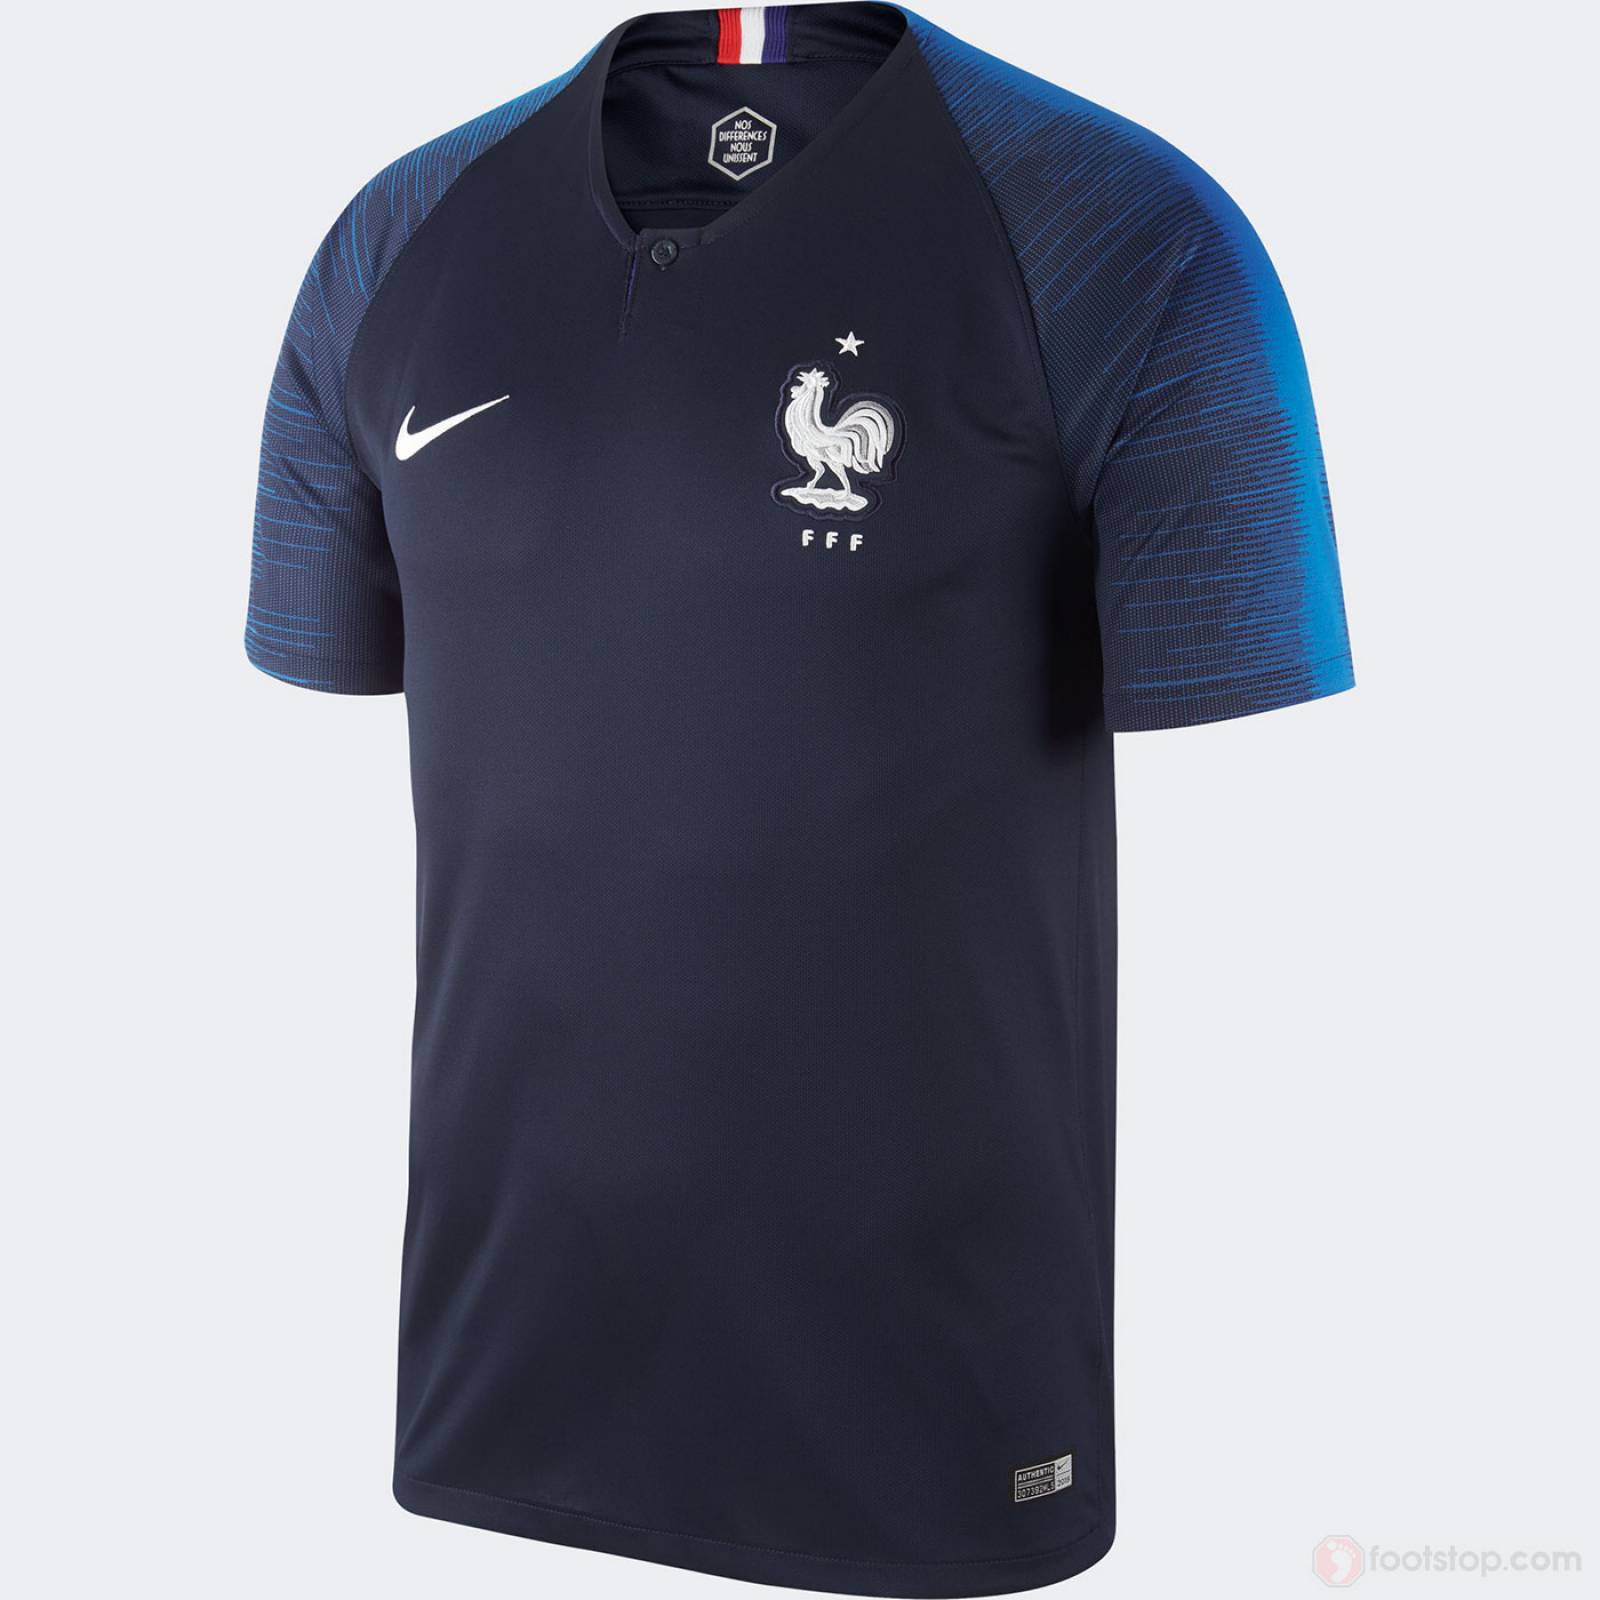 Jersey Selección Francia local 2018 código: 893872-451
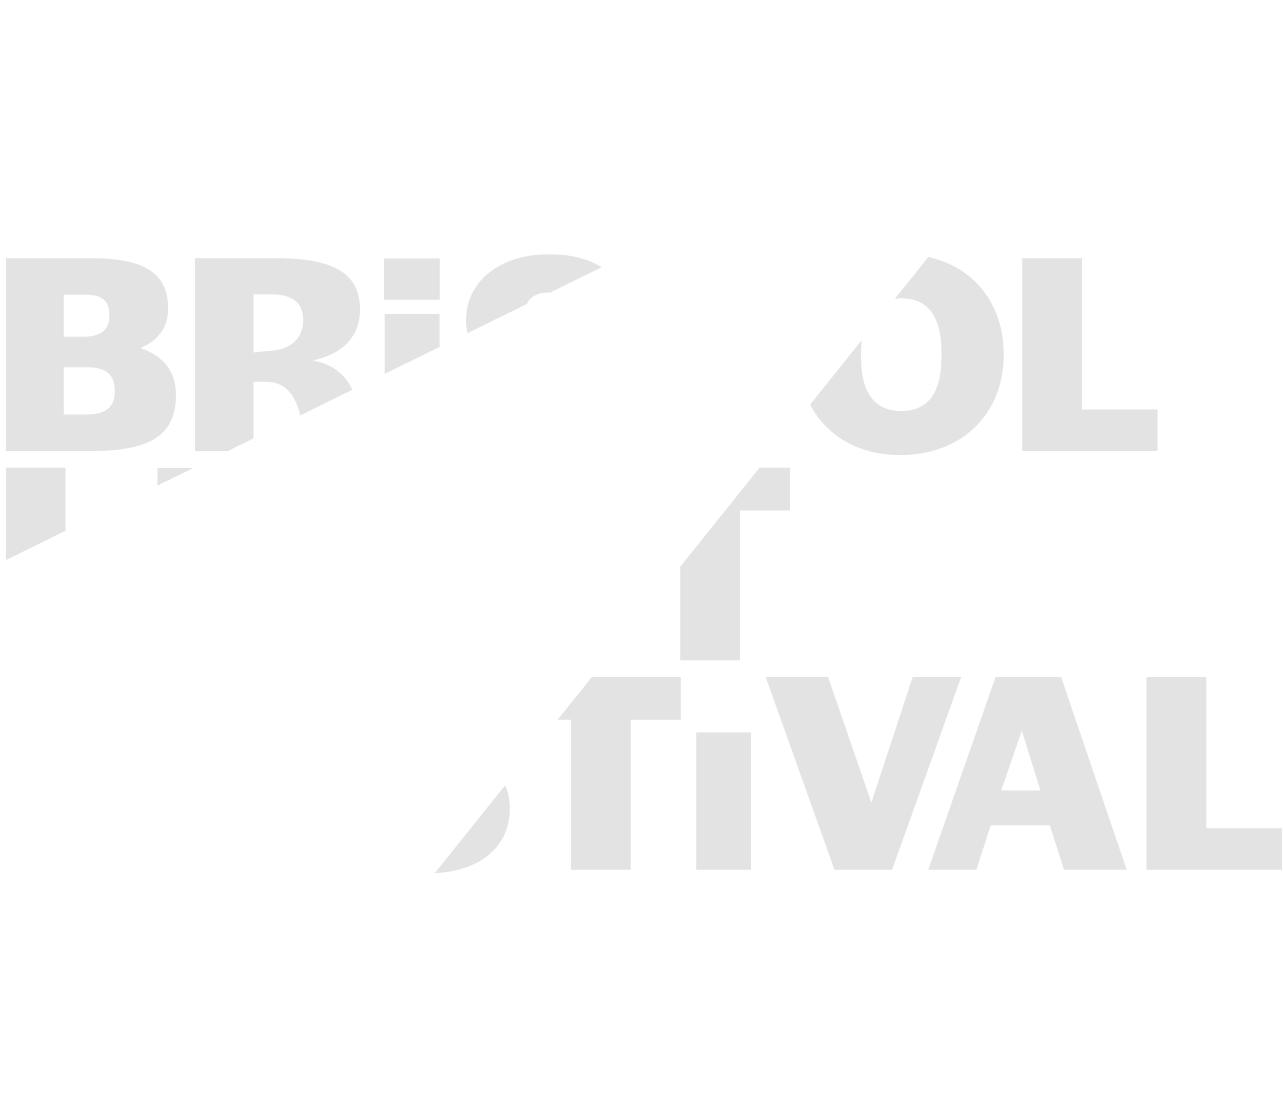 Bristol Light Festival Brand
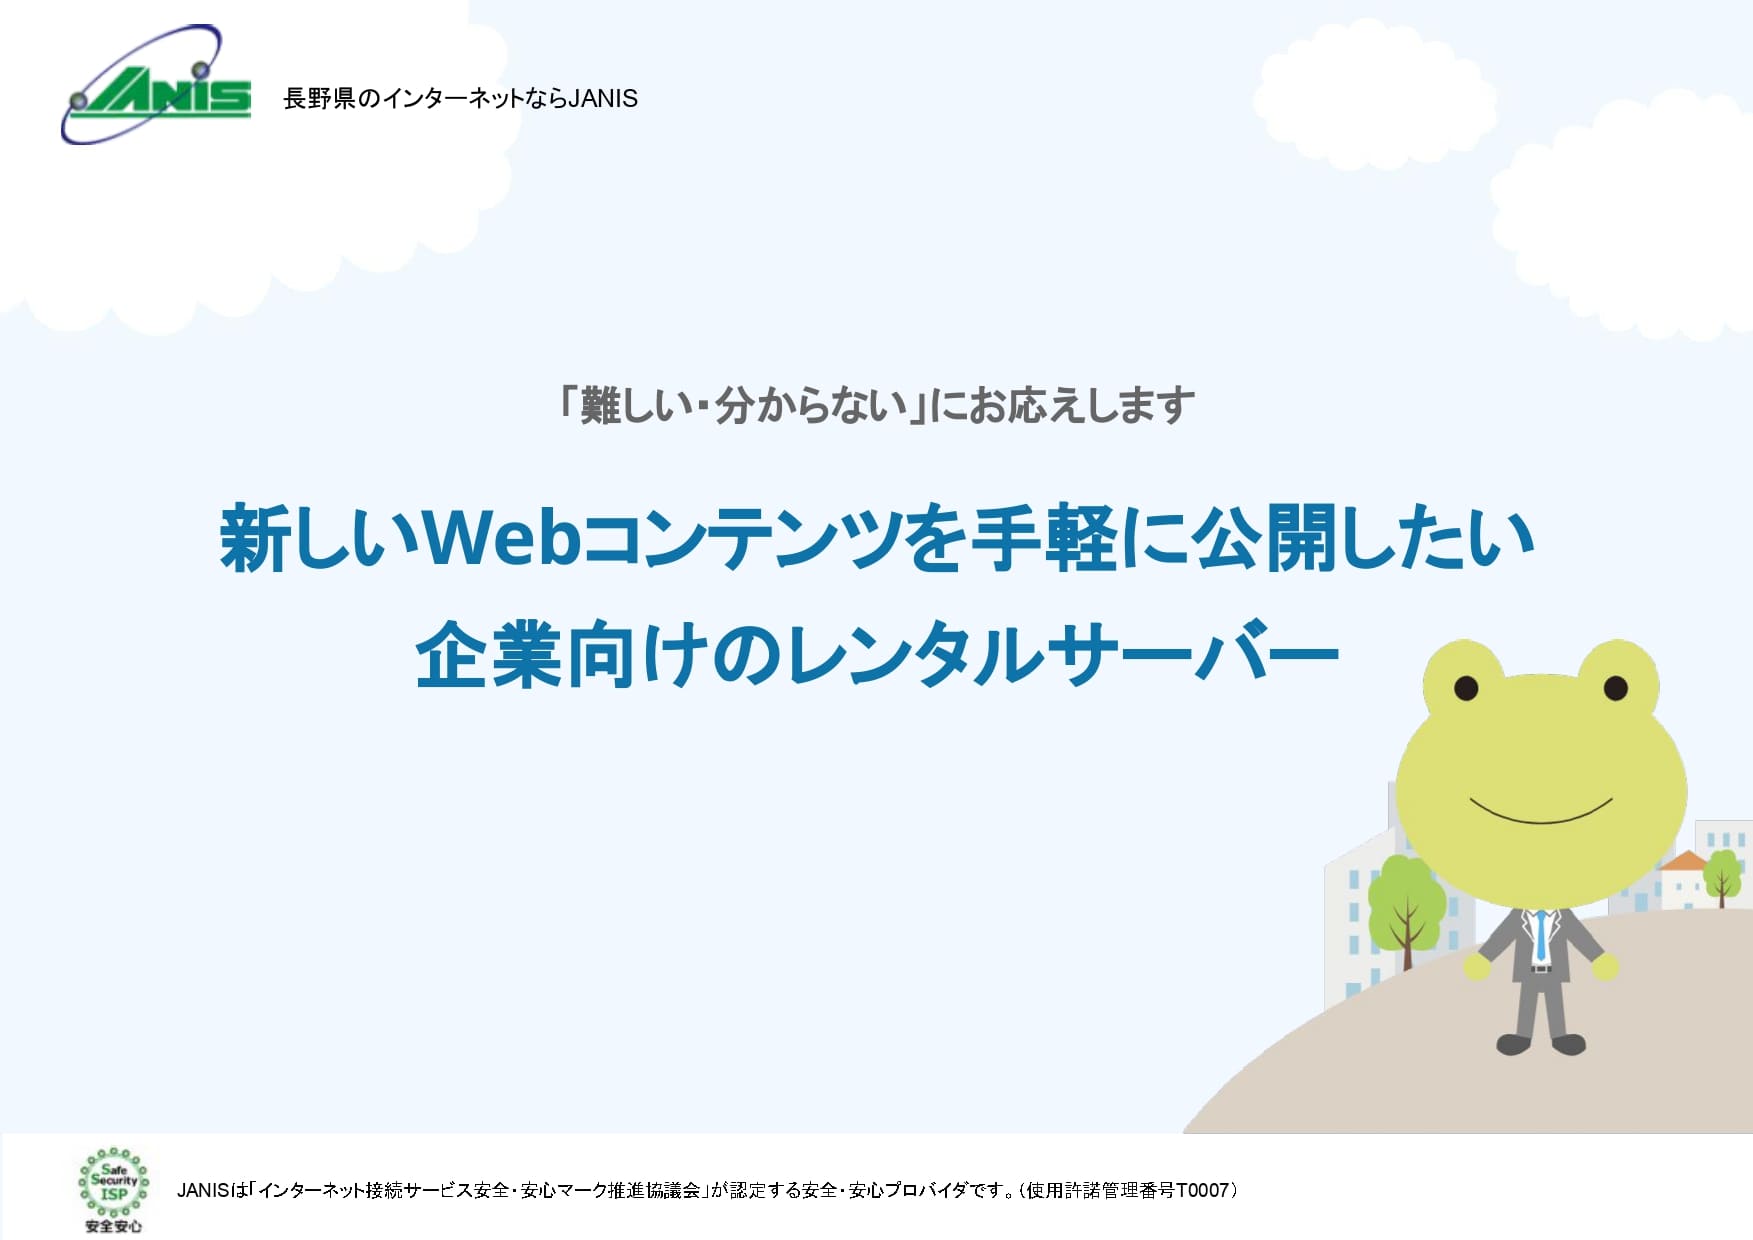 新しいWebコンテンツを手軽に公開したい企業向けのレンタルサーバ|JANIS長野県協同電算(JANIS)

- [AIM OF THE EXERCISE]: Print the preceding material over again exactly. Please leave the pictures out.

- [WRITTEN SOLUTION]:
 Jersey Selección Francia local 2018 código: 893872-451
 Bristol Light Festival Brand
 新しいWebコンテンツを手軽に公開したい企業向けのレンタルサーバ|JANIS長野県協同電算(JANIS)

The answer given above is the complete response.